Step 5: The AI layer (optional, not required)
After you have a working rule-based model with a calibration loop, you can layer in machine learning for behavioral scoring. ML is good at:
- Detecting non-obvious patterns in website behavior
- Identifying sequences of actions that predict conversion
- Adapting to seasonal shifts without manual intervention
- Scoring product usage patterns (for PLG)
ML is bad at:
- Working with small datasets (you need hundreds of closed-won deals minimum)
- Explaining why a score is what it is (black box problem)
- Handling new segments with no historical data
Start with rules. Add ML when you have the data and the trust. A transparent rule-based model that reps trust will outperform a sophisticated ML model that reps ignore.
Common failure modes
Building in a vacuum. If you built the model without interviewing reps about what "good" looks like to them, start over.
Scoring everything equally. A whitepaper download is not the same signal as a pricing page visit. Weight accordingly.
Never decaying scores. A lead who visited your pricing page 6 months ago is not the same as one who visited yesterday. Scores should decay over time if no new activity occurs.
No negative scoring. Without deductions, your model will surface students, competitors, and job seekers alongside real buyers.
Threshold too low. If everything is "qualified," nothing is. Be willing to let the majority of leads stay in nurture. That's the model working, not failing.
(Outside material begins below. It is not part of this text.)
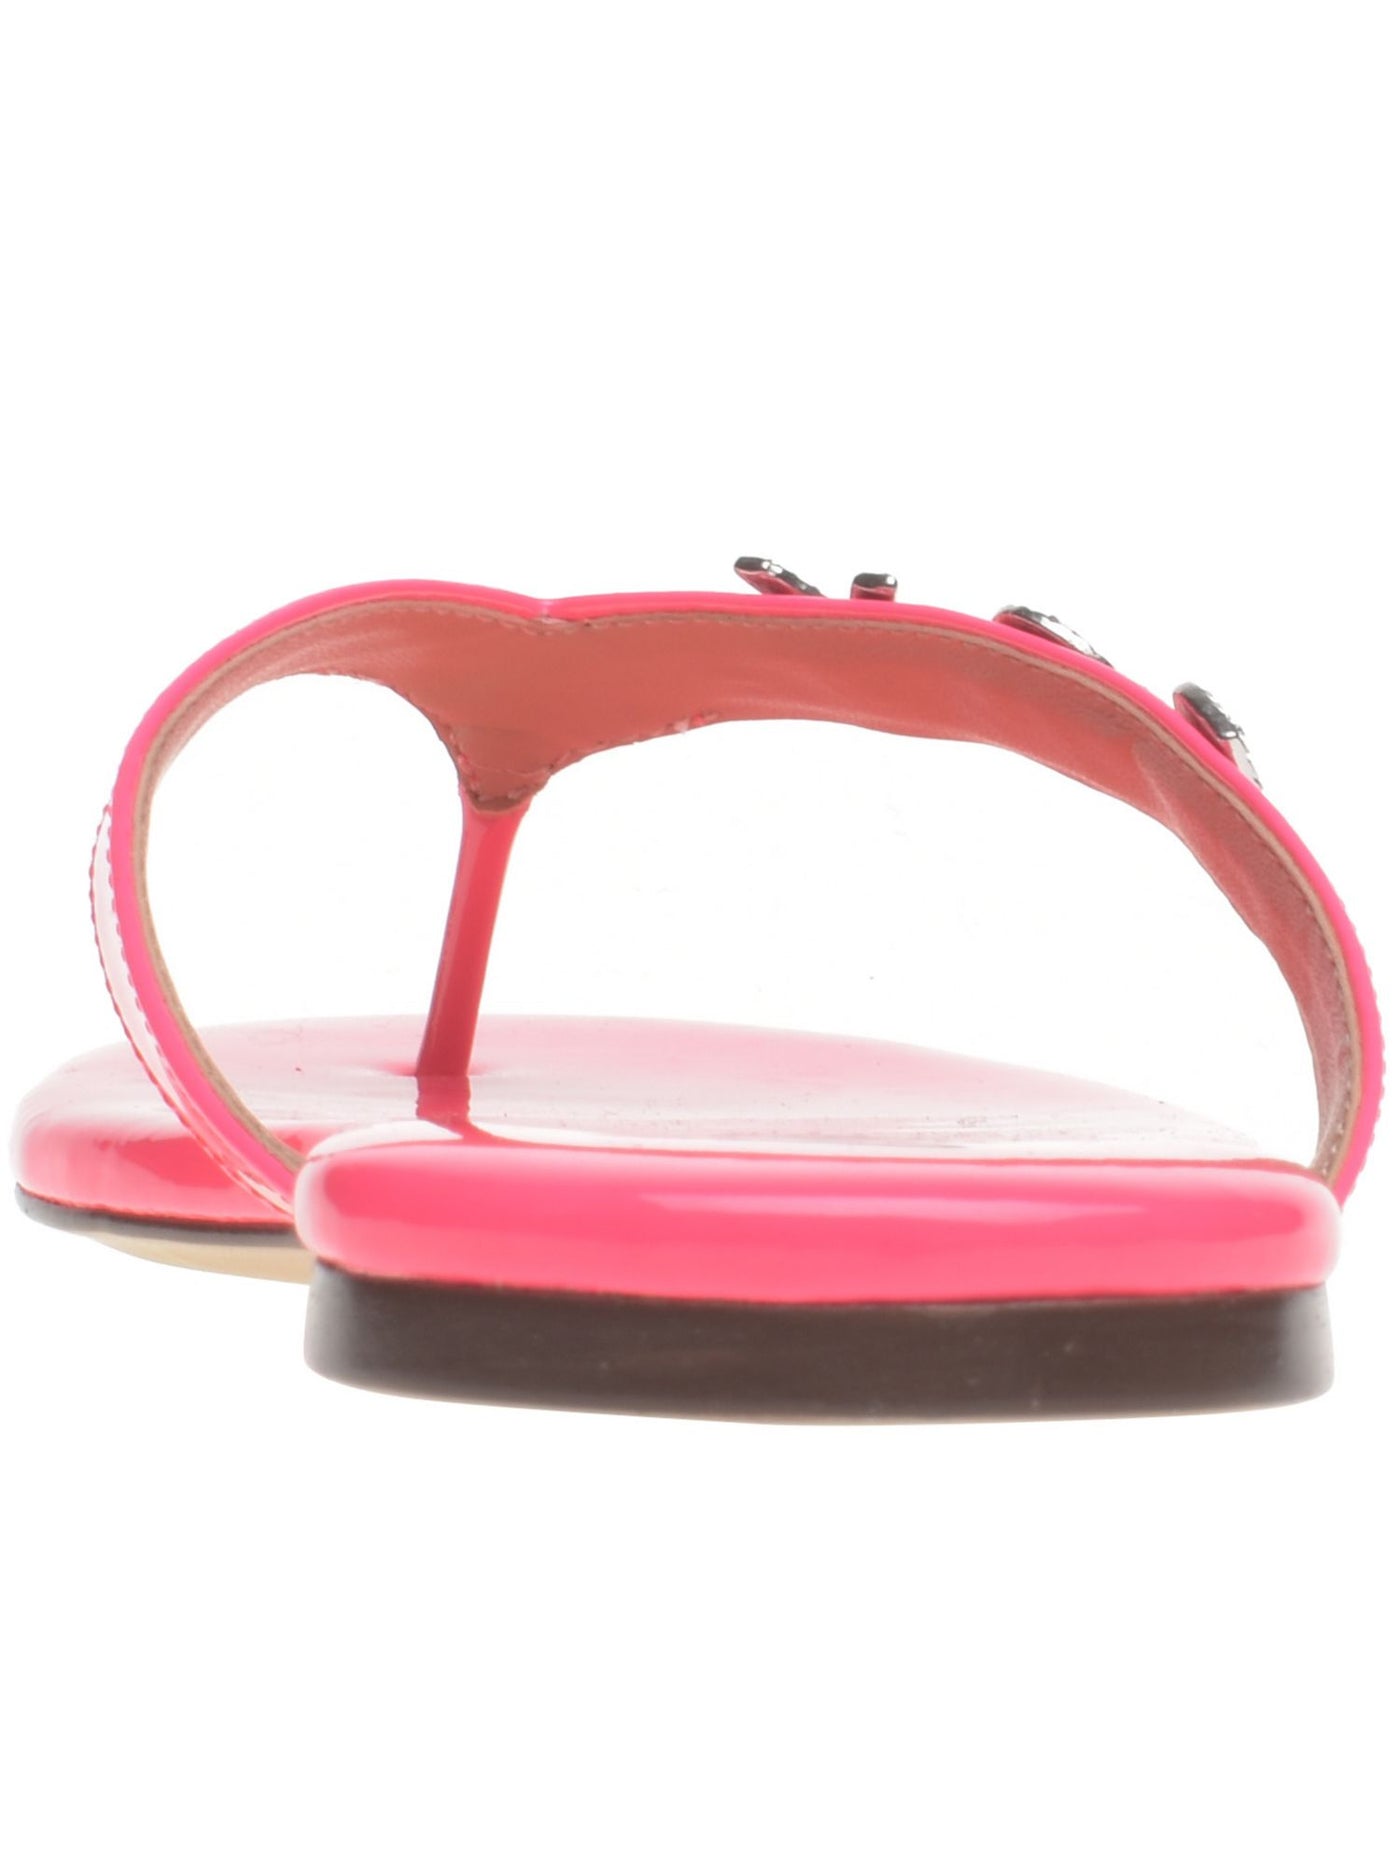 WILD PAIR Womens Pink Rhinestone Fantasia Round Toe Slip On Thong Sandals Shoes 10 M

No feedback loop. A static model degrades over time as your market, product, and ICP evolve. Plan for ongoing calibration from day one.
Getting started this week
If you have no scoring today, here's the minimum viable version:
- Pull 30 closed-won deals. Note the 5 most common firmographic traits.
- Pull 30 closed-lost deals. Note what was different.
- Create a formula field in your CRM with 5-7 weighted criteria.
- Set one threshold (score > X = route to rep immediately).
- Run it for 30 days. Check conversion rate above and below the threshold.
- Adjust and expand.
You'll have a working model in a week and meaningful calibration data in a month. That's all it takes to get started — the sophistication comes later.